Exercise description:
Give back only the lines in the records below from the one with "Träumerei - 30" to the one with "Ufficio Nuovo Hotel", both inclusive, word for word.

Task material:
⟨
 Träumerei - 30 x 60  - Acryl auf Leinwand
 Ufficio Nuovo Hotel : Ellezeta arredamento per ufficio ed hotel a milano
⟩
⟨
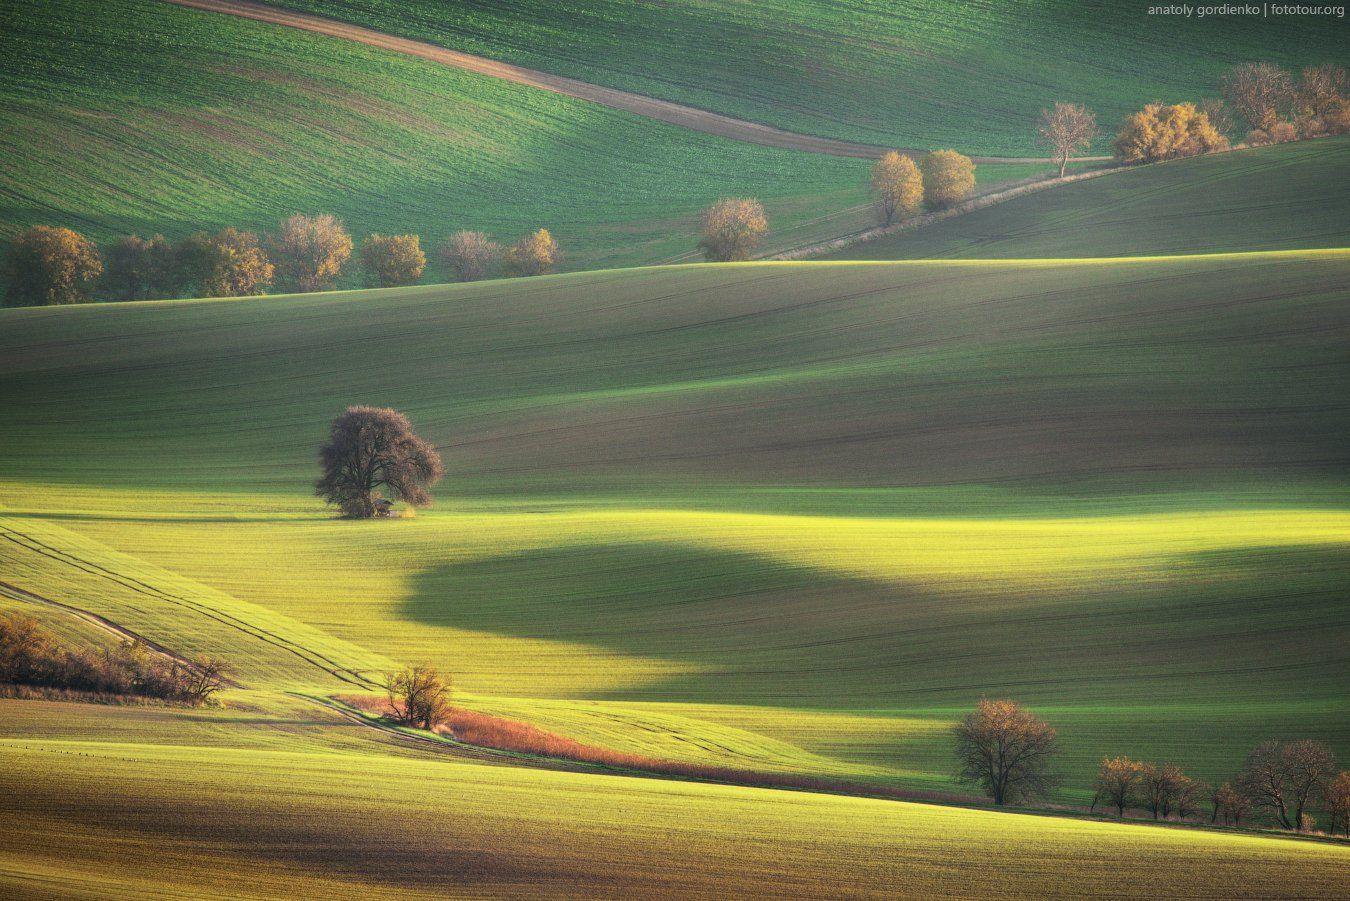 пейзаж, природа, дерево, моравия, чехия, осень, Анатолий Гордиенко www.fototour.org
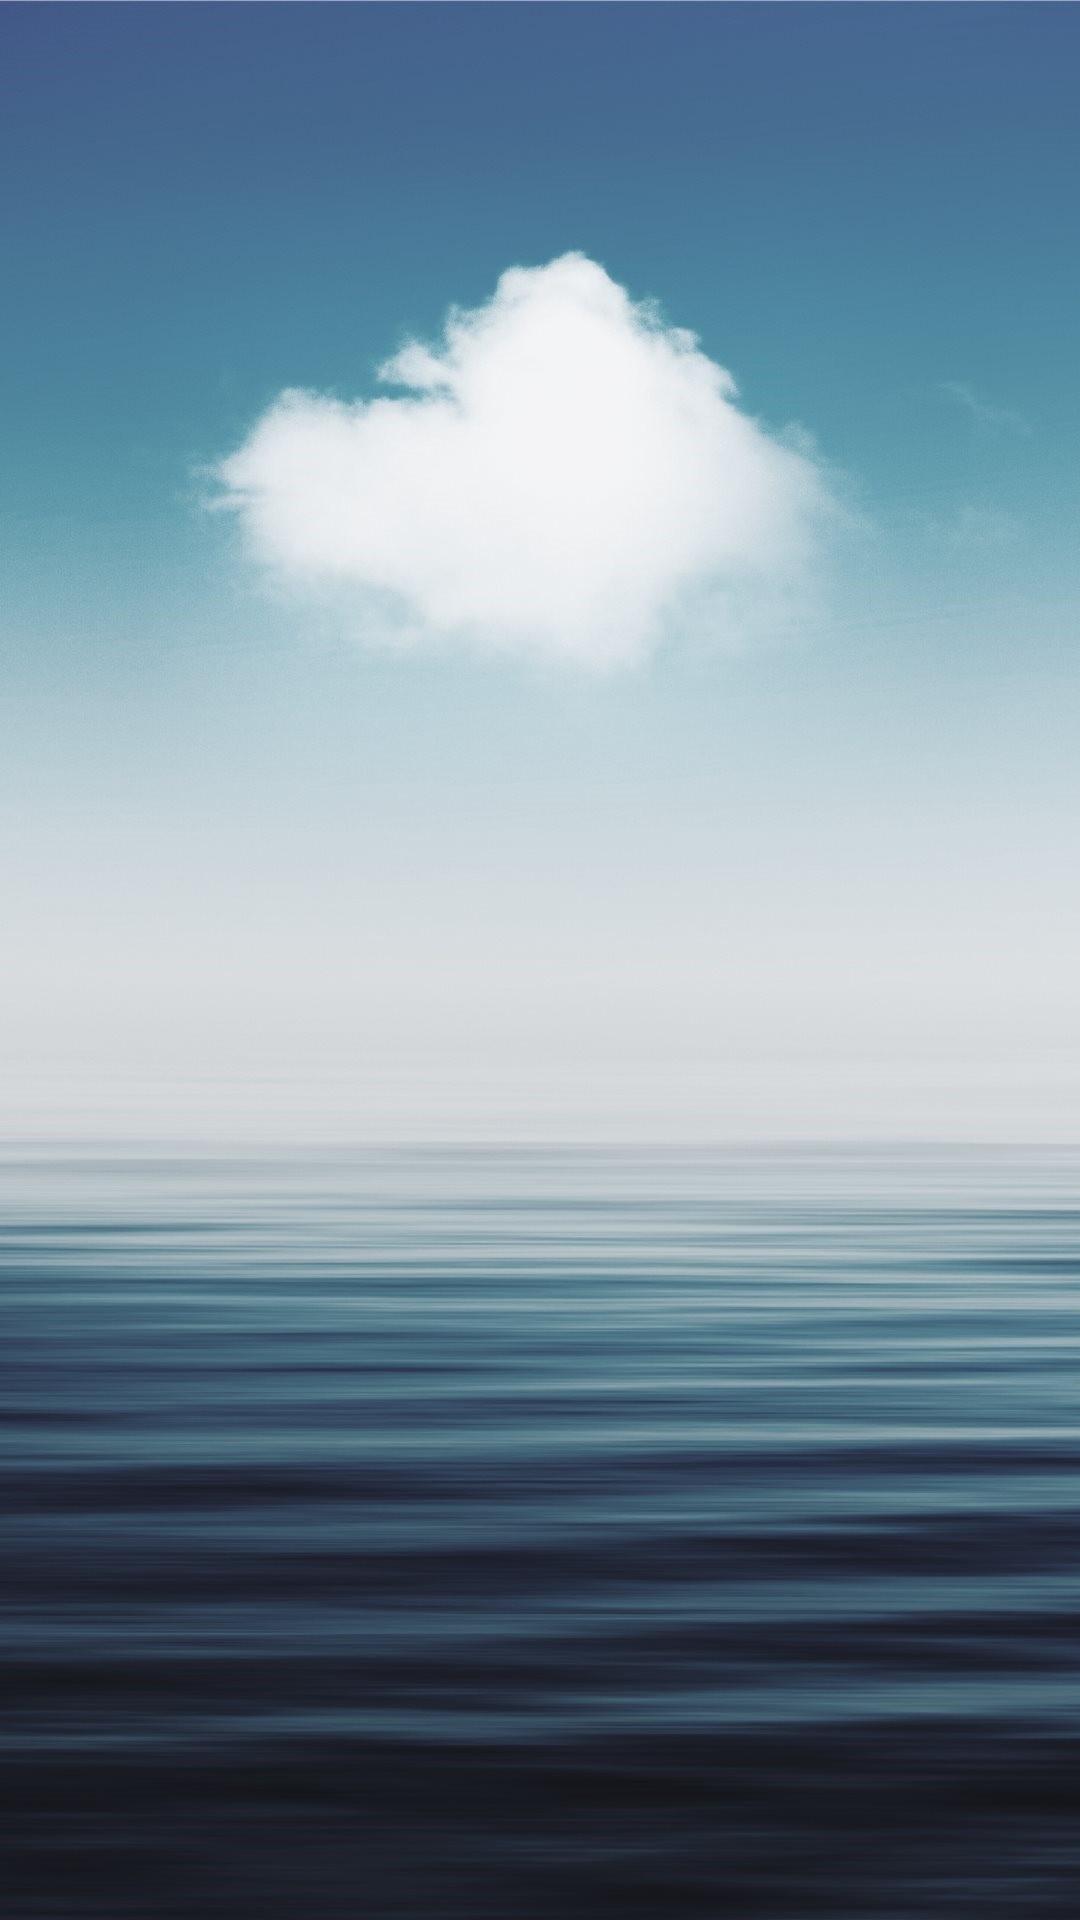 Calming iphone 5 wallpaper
⟩
⟨
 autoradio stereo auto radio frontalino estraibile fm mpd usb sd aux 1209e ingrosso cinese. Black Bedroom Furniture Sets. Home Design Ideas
⟩
Solution:
 Träumerei - 30 x 60  - Acryl auf Leinwand
 Ufficio Nuovo Hotel : Ellezeta arredamento per ufficio ed hotel a milano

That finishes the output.